Church in San Severino Marche, Italy

San Filippo is a Baroque style, Roman Catholic church located on Via Massarelli in central San Severino Marche, region of Marche, Italy.

==History==
The church was built in 1620 by Filippini priests from the Sanctuary della Madonna dei Lumi. It was built at the site of an ancient Benedictine order church of San Benedetto. In 1666, the church acquired an octagonal oratory adjacent to this church. The convent was suppressed by the Napoleonic government, and in 1862 was given to the city.

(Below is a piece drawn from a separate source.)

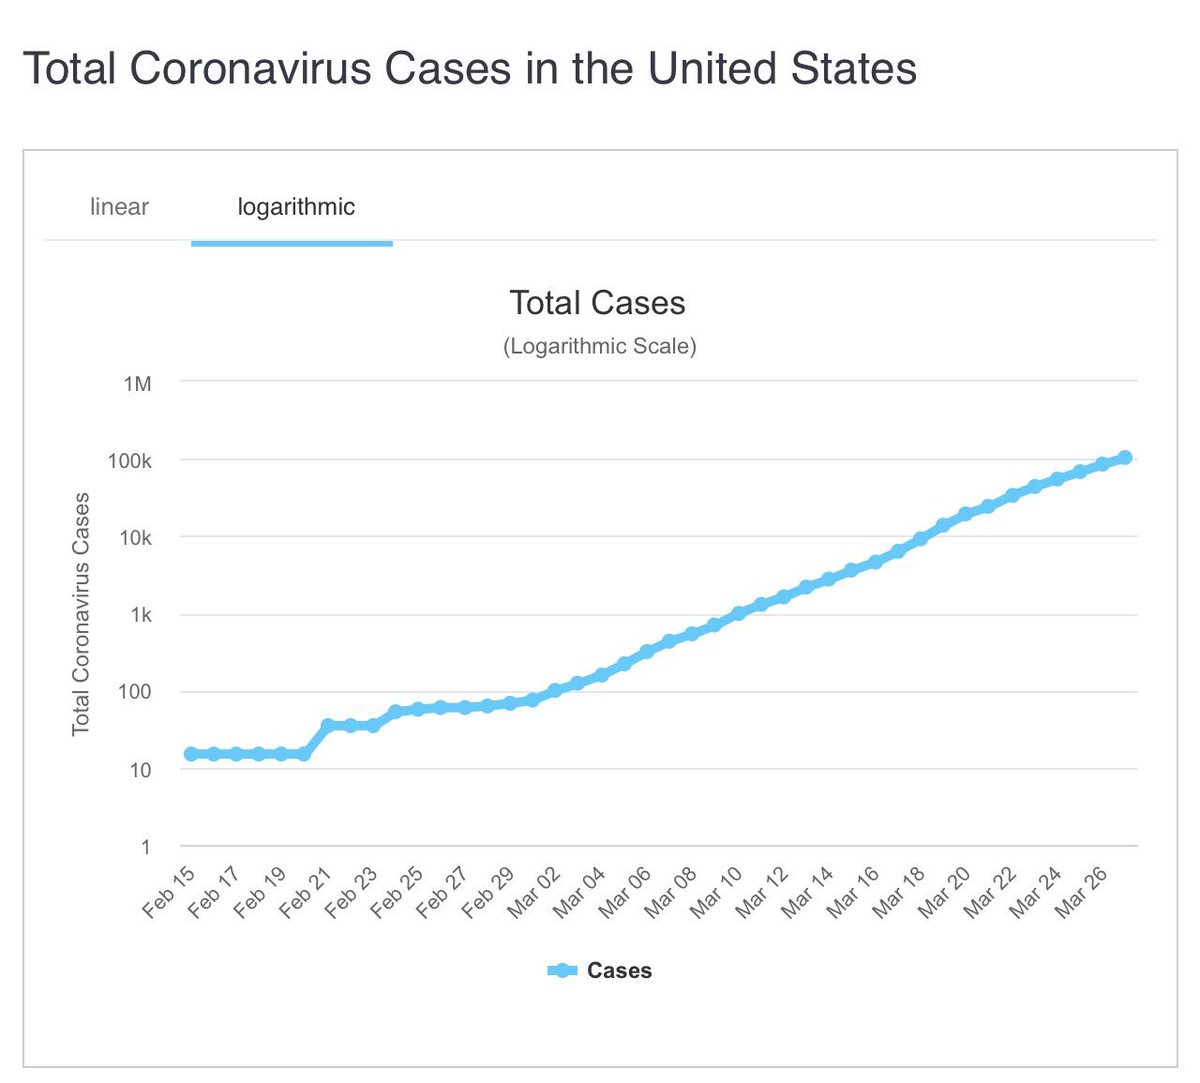 The number of cases in the US doubled every 3 to 5 days in February and March. If we allowed that to happen on campus, 0.3% would grow to the 80% required for herd immunity in 8 doublings. It would take just 24 to 40 days7/

The church, reflecting the earlier medieval structure, has a single nave. The altars were created along the nave. The first altar on the right has an altarpiece with the Immaculate Conception with Saints Cajetan and Tecla (1714) by Biagio Puccini nel 1714. The main altar was designed by Venanzio Bigioli. The ceiling of the presbytery was decorated by Paolo Marini. The walls have depictions of the Life of St Phillip (1922-1923) by Mario Adami and Nicola Angelelli. The first altar on the left depicts a San Carlo Borromeo and Saints by Girolamo Pesci, while the second altarpiece depicts San Francesco Saverio Dying by Paolo Borsetti.